_Task to carry out_
Word for word, restate the lines from the one holding "Caran D Ache" through the last line of the material below, and leave every picture out.

_Data_
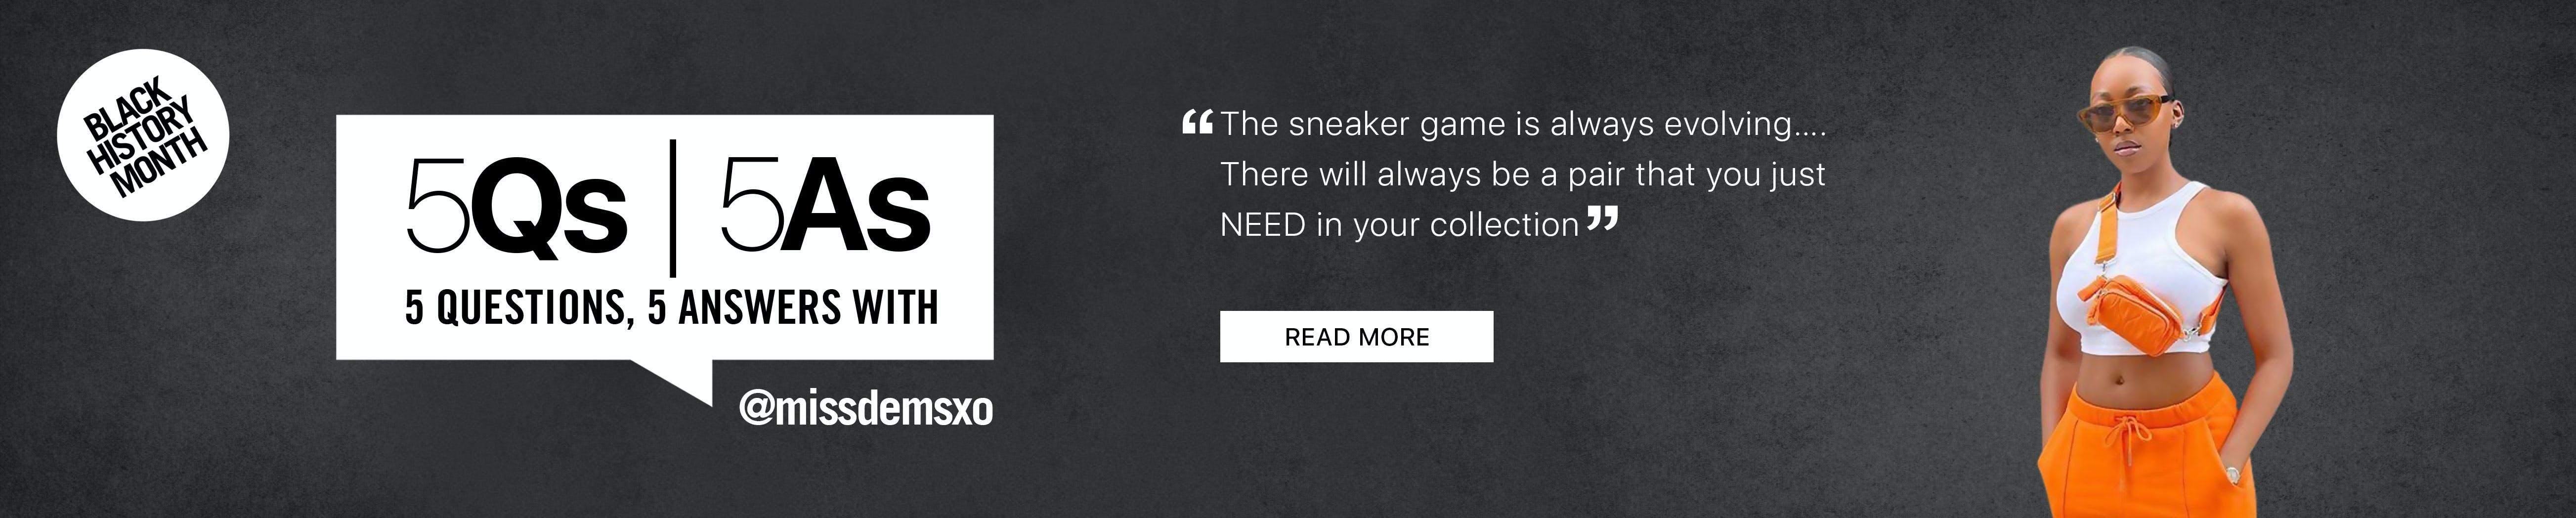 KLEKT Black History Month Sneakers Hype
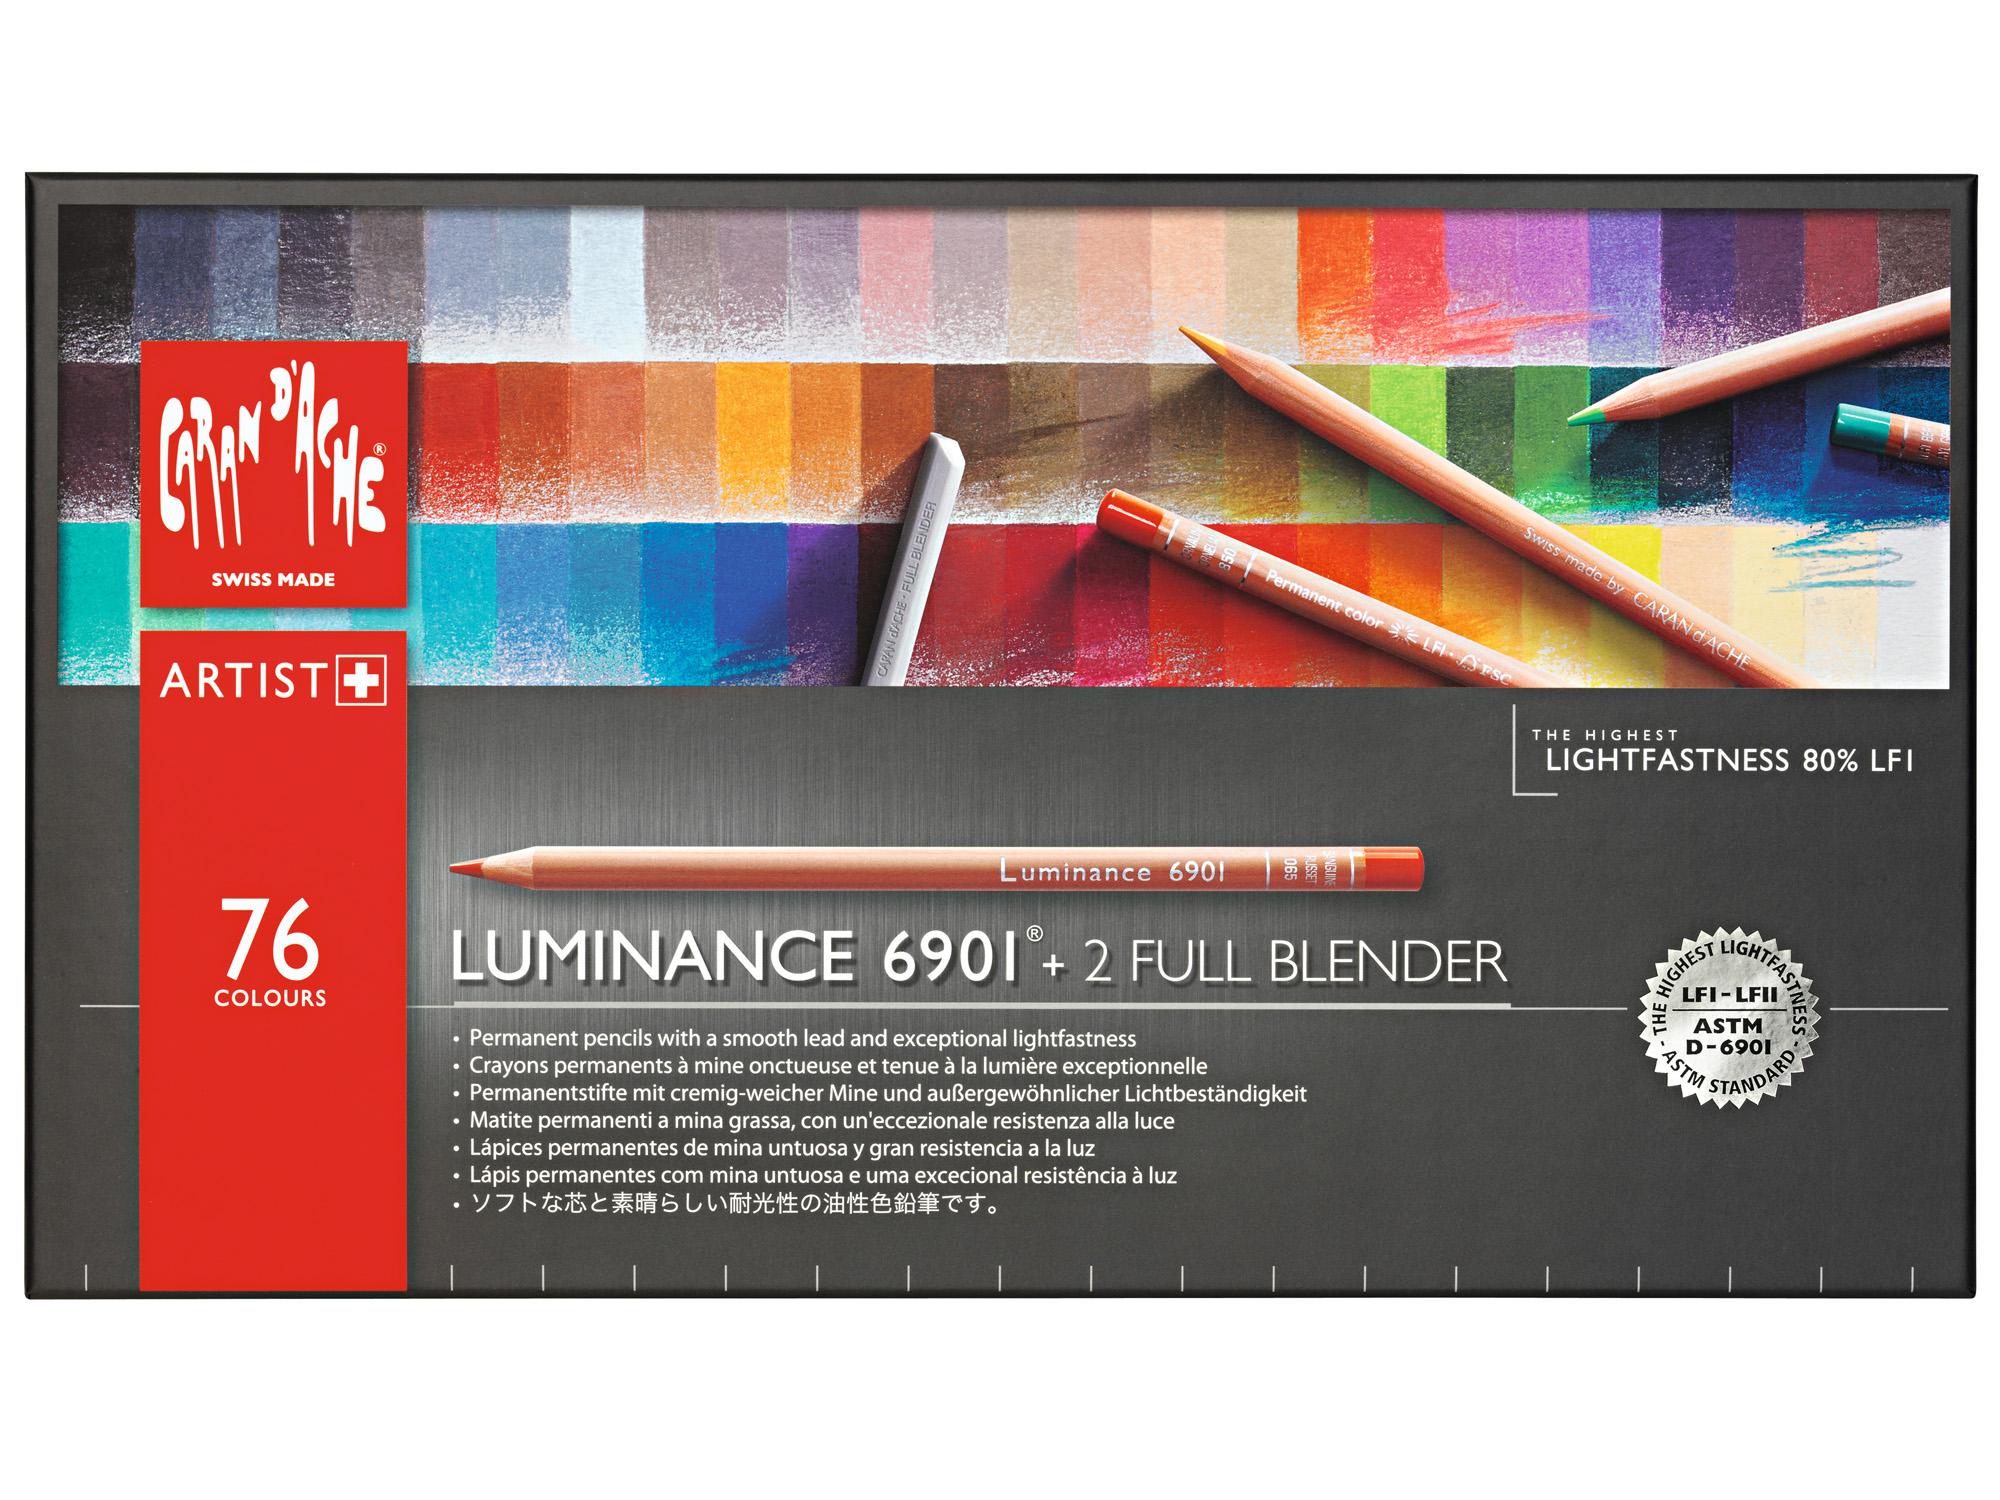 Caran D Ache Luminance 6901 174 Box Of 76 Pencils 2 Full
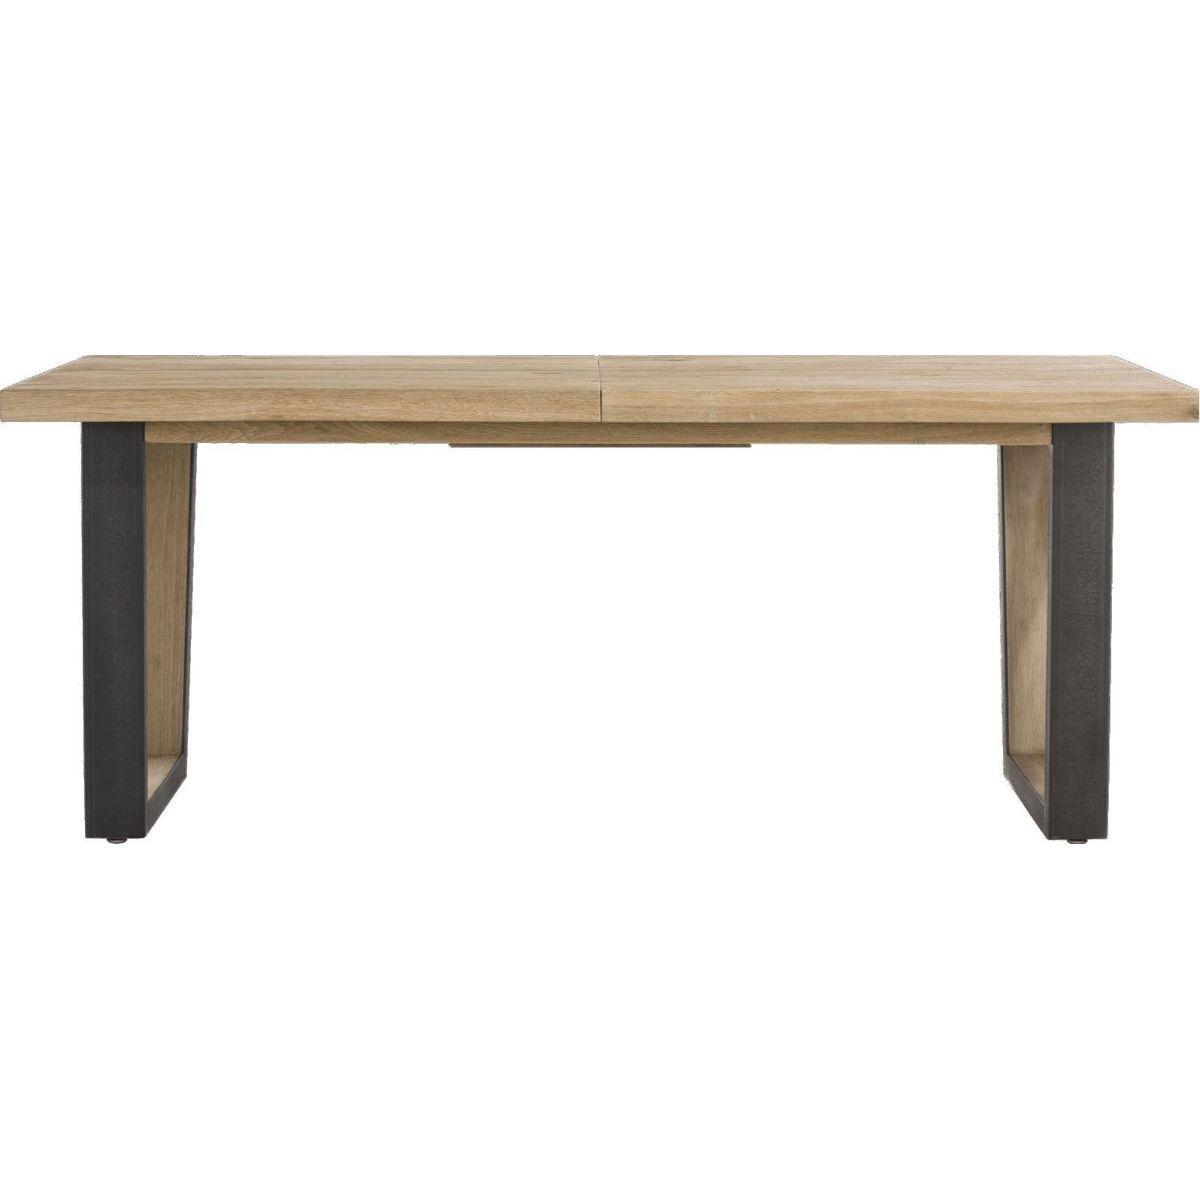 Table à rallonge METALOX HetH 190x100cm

_Output of the task_
 Caran D Ache Luminance 6901 174 Box Of 76 Pencils 2 Full
 Table à rallonge METALOX HetH 190x100cm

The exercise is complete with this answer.